*Task to complete*: Copy the entries below verbatim, omitting any pictures they contain.

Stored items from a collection
-=-=-=-=-

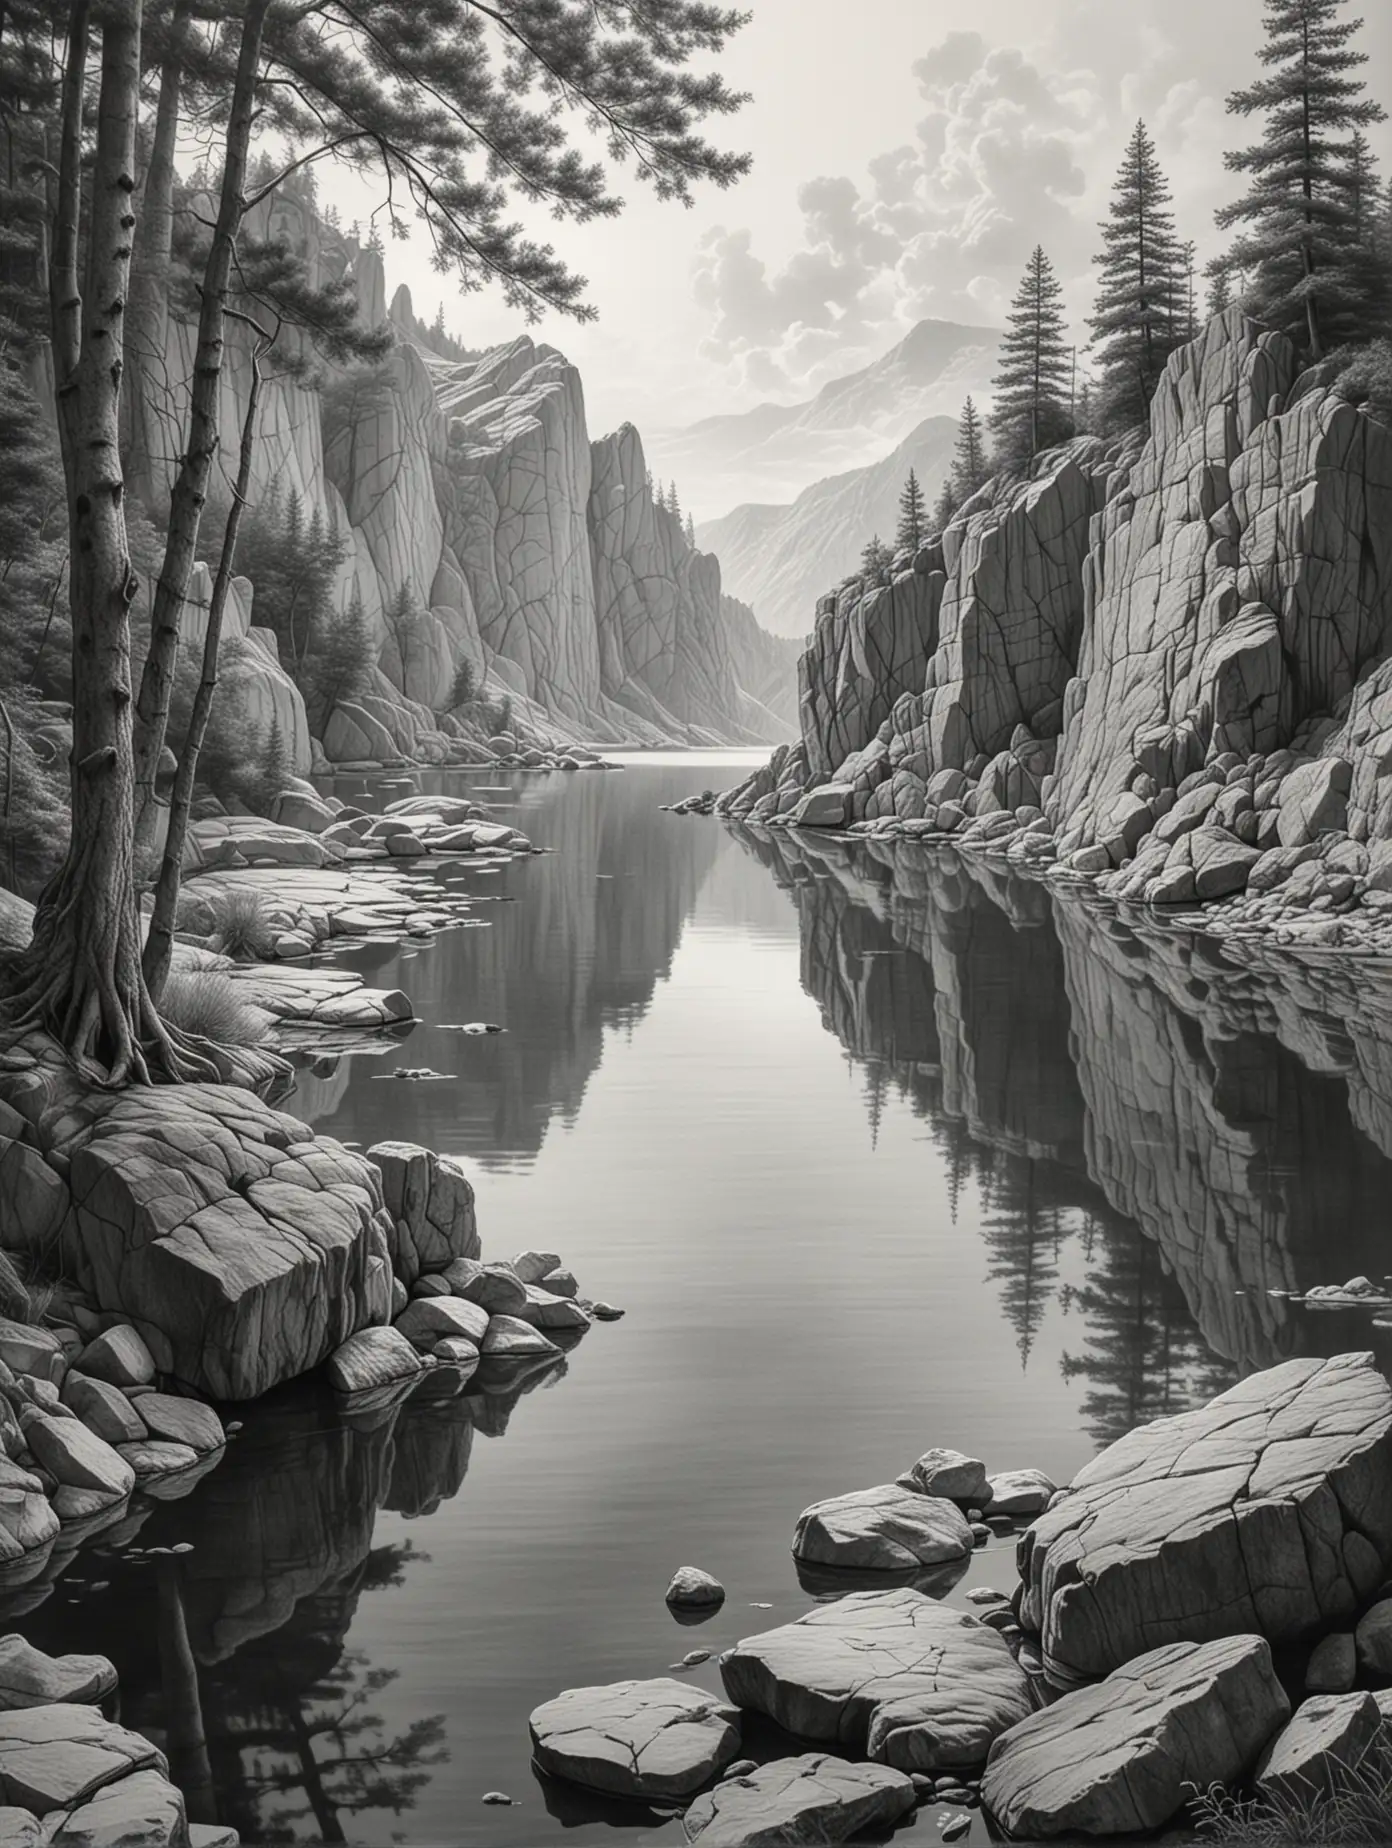 Tranquil-Lake-Landscape-Sketch-in-Realistic-Pencil-Style
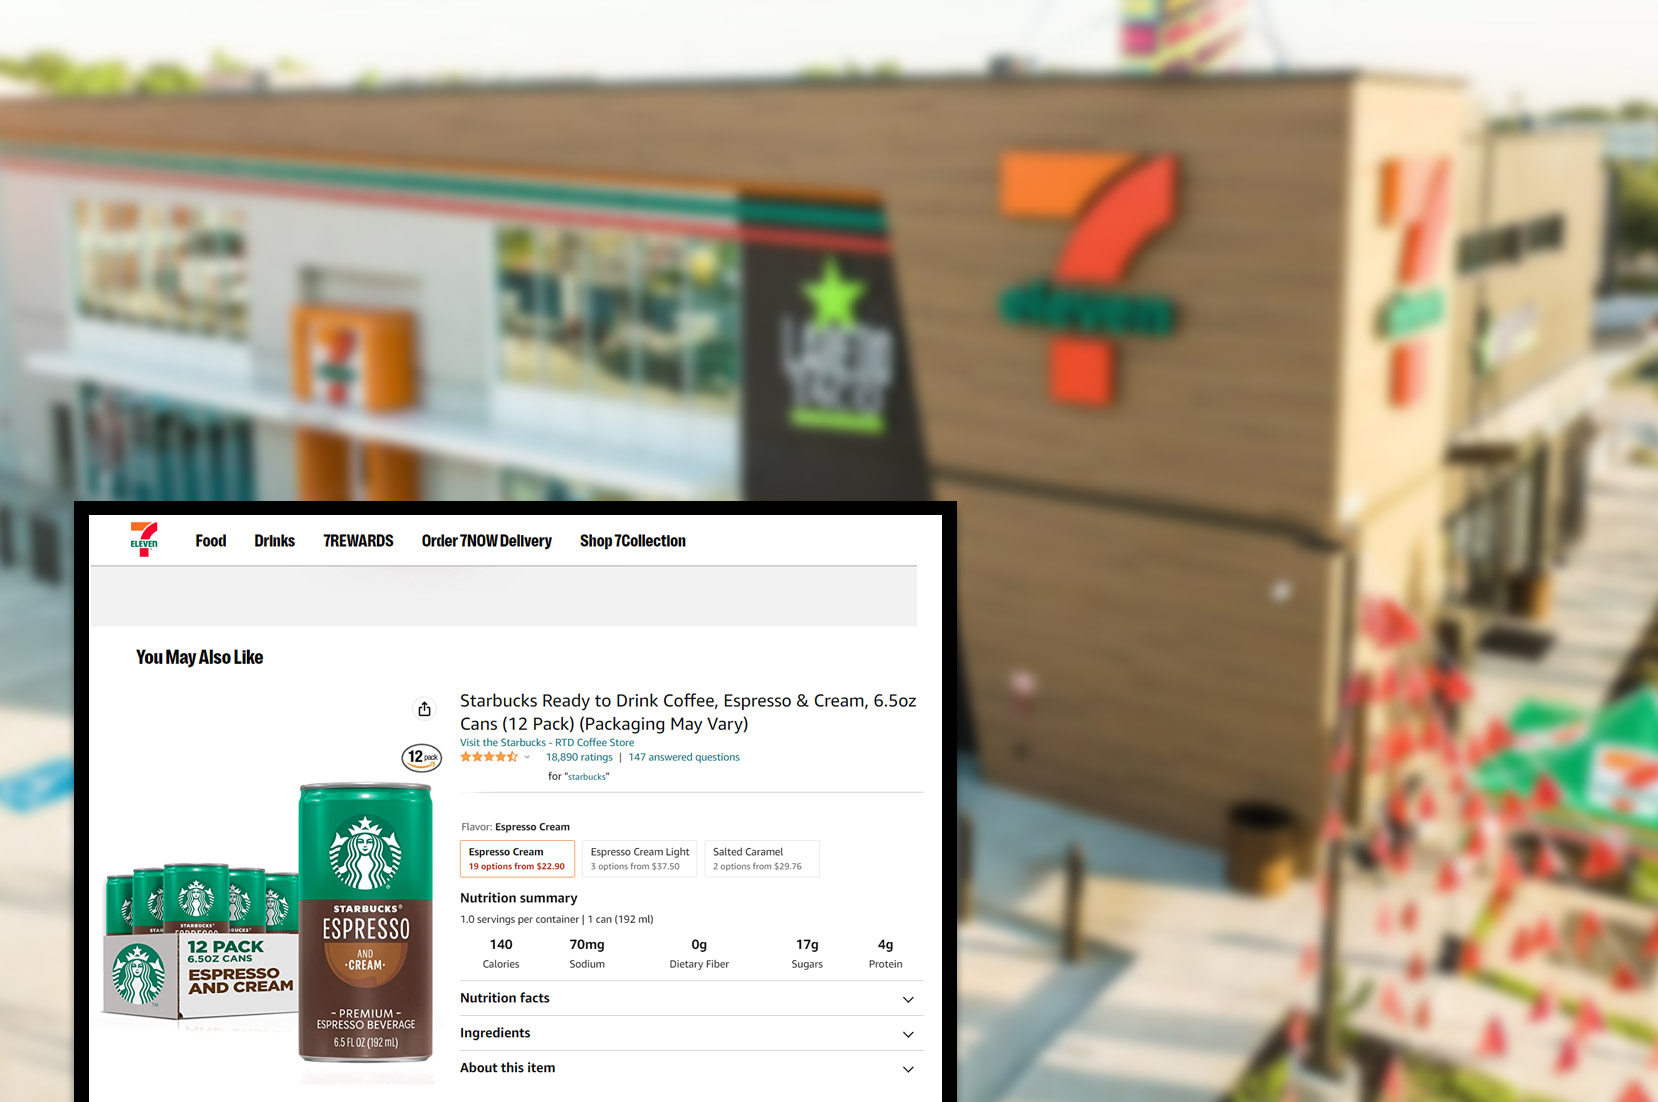 7-eleven-comproduct-pricing-information-and-image-scraping-services
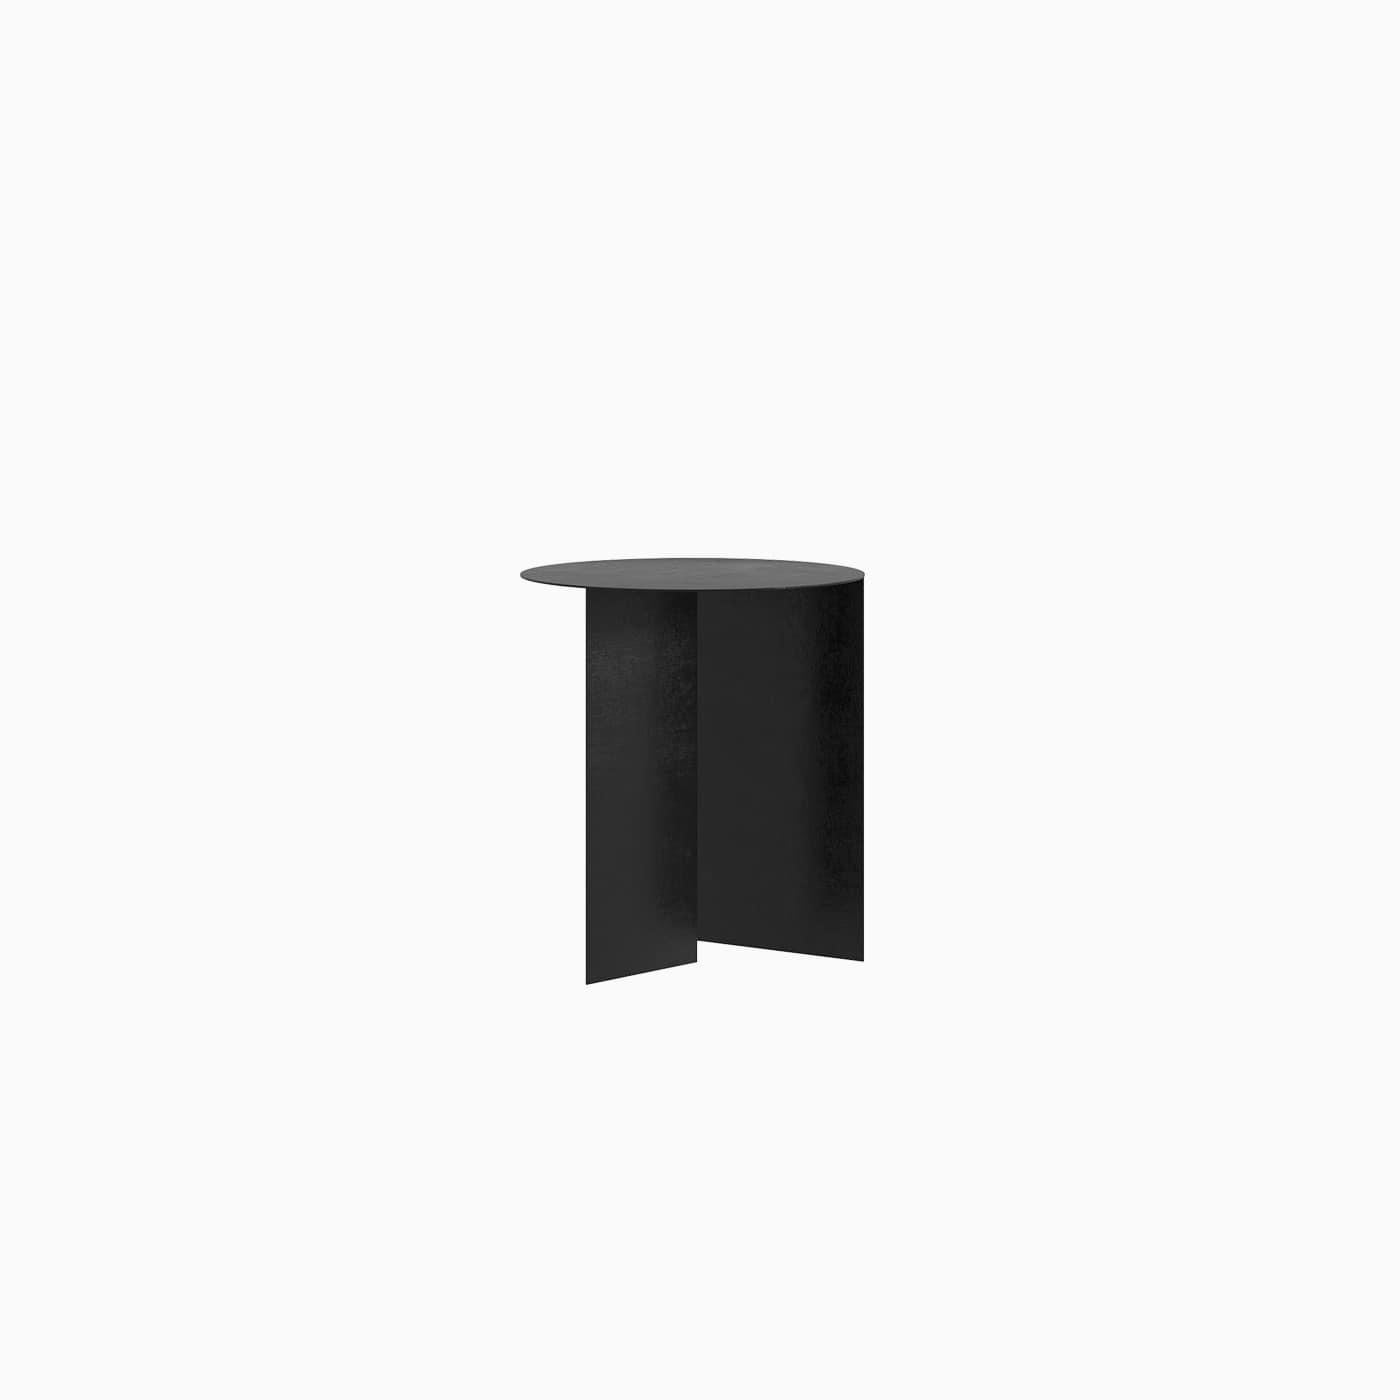 The Deconstructed Side table is an abstraction and geometry study, suitable for both, indoor or outdoor. 
Crafted in galvanized aluminum and coated in matte electrostatic paint, it serves it's purpose as a side table, stool, display platform or
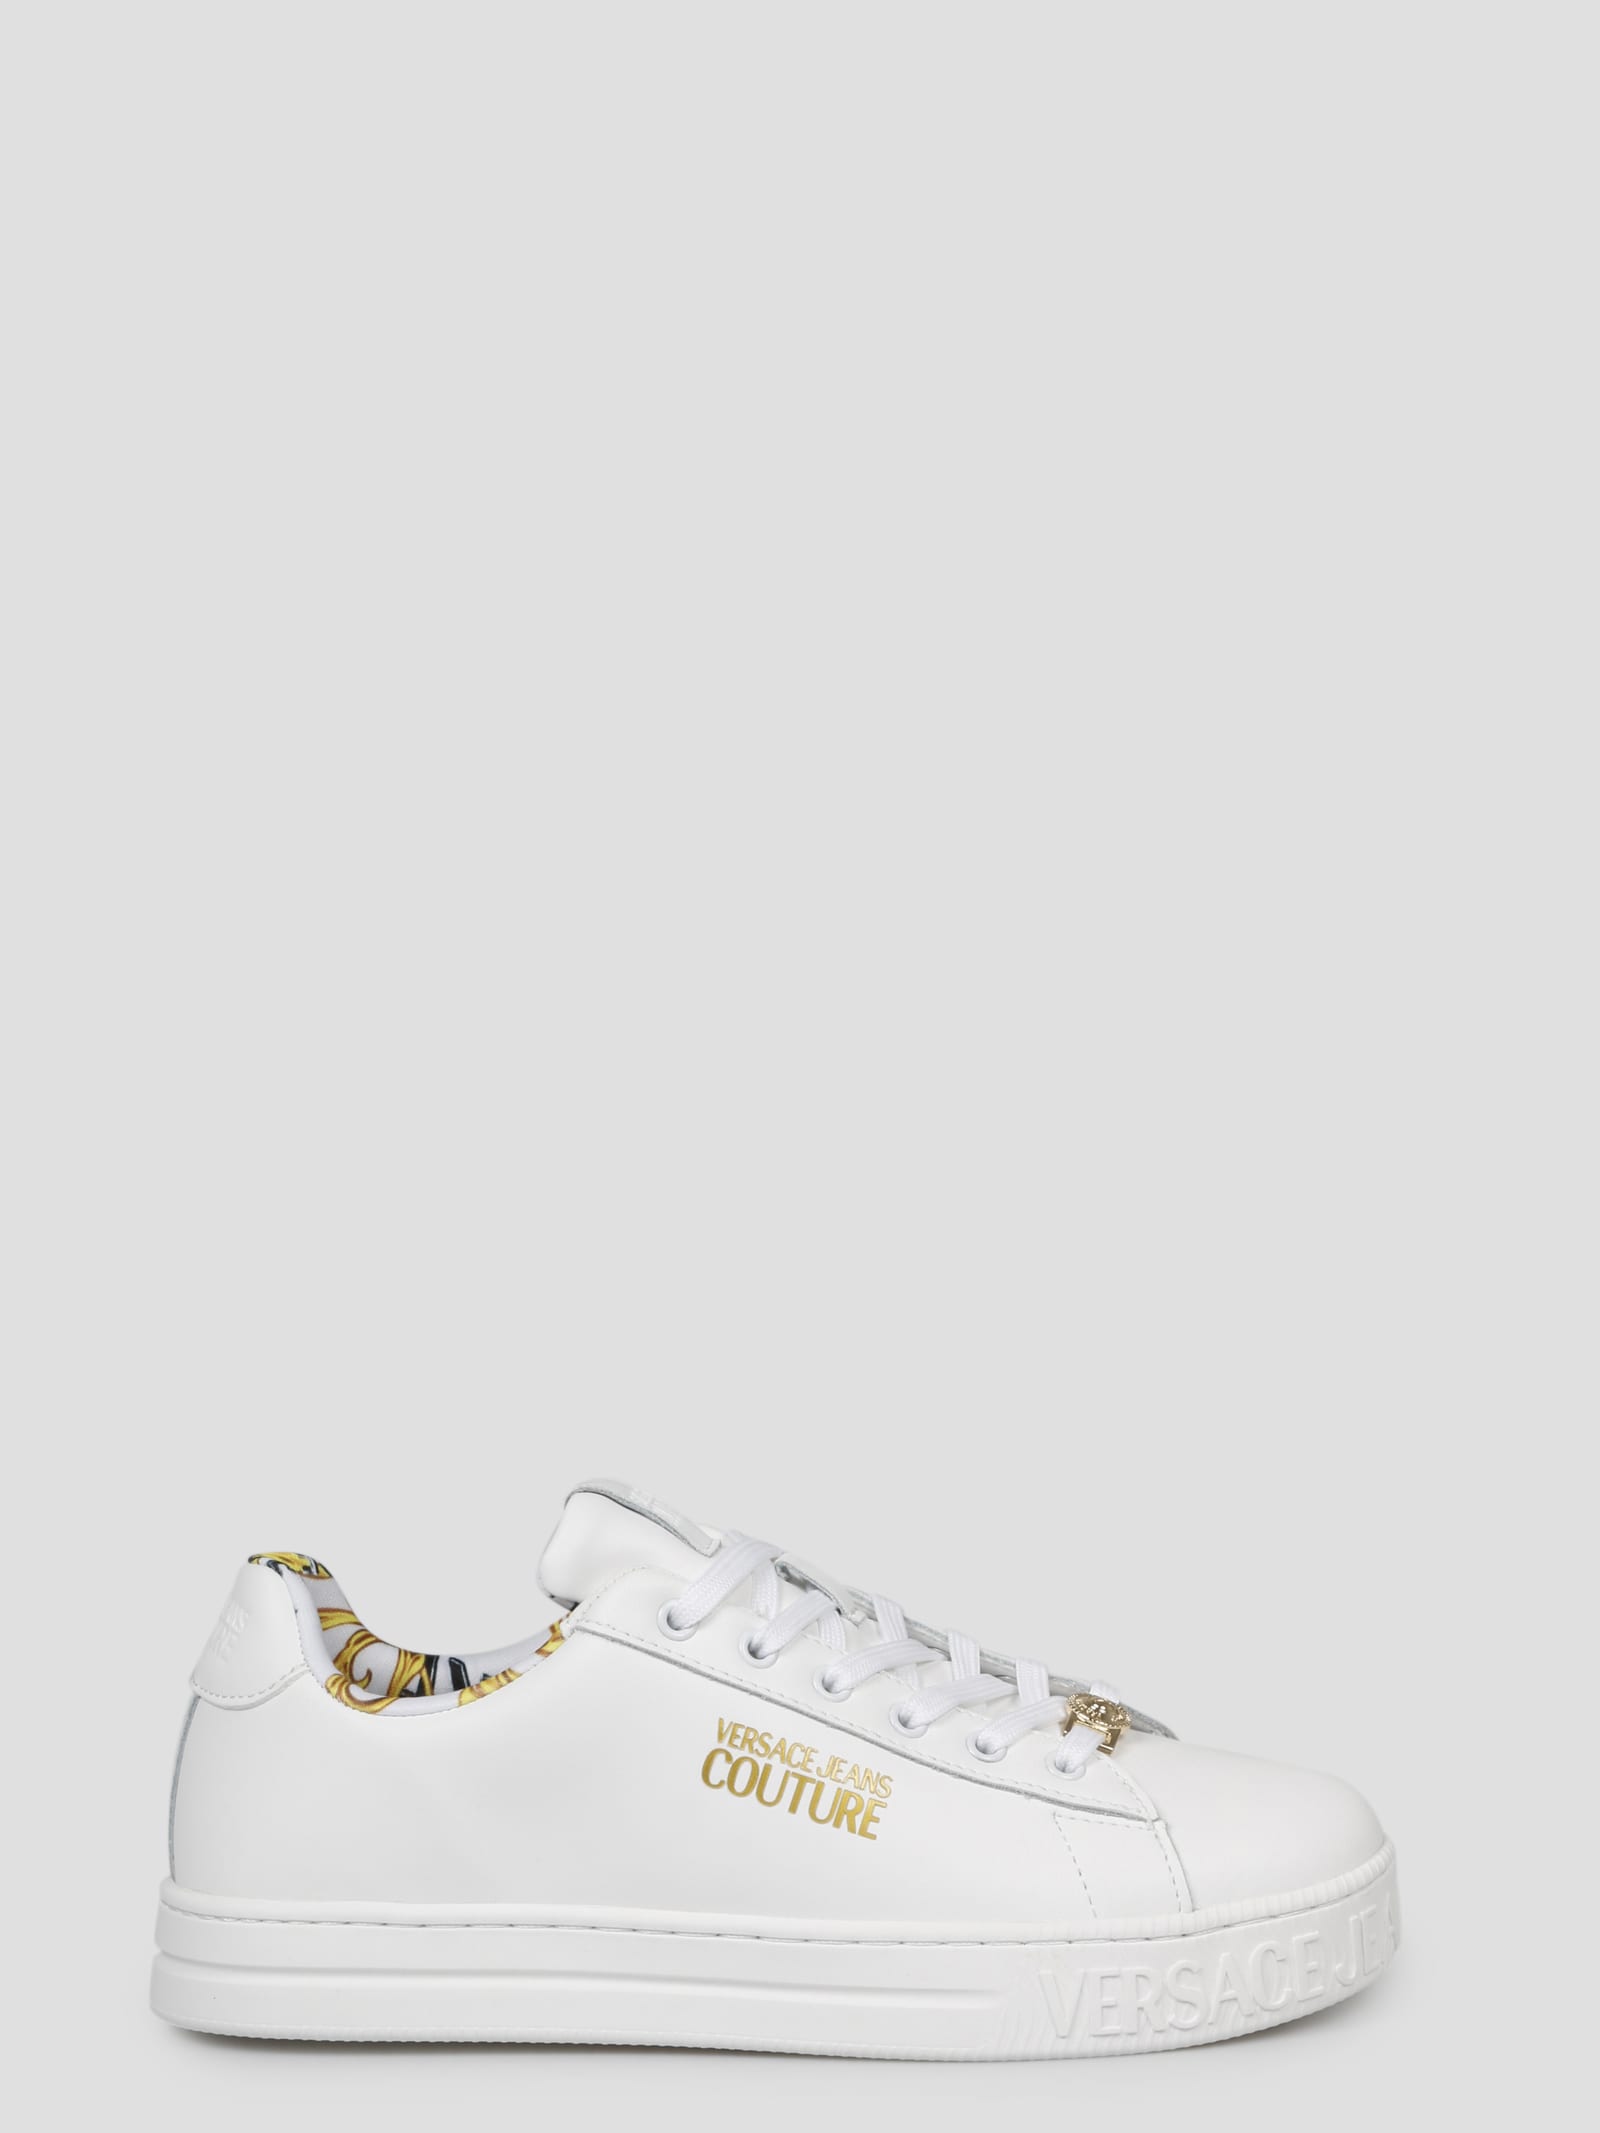 VERSACE JEANS COUTURE COURT 88 LOGO COUTURE SNEAKERS

-=-=-=-=-

*Solution for this exercise*:
 Tranquil-Lake-Landscape-Sketch-in-Realistic-Pencil-Style
 7-eleven-comproduct-pricing-information-and-image-scraping-services
 The Deconstructed Side table is an abstraction and geometry study, suitable for both, indoor or outdoor. 
Crafted in galvanized aluminum and coated in matte electrostatic paint, it serves it's purpose as a side table, stool, display platform or
 VERSACE JEANS COUTURE COURT 88 LOGO COUTURE SNEAKERS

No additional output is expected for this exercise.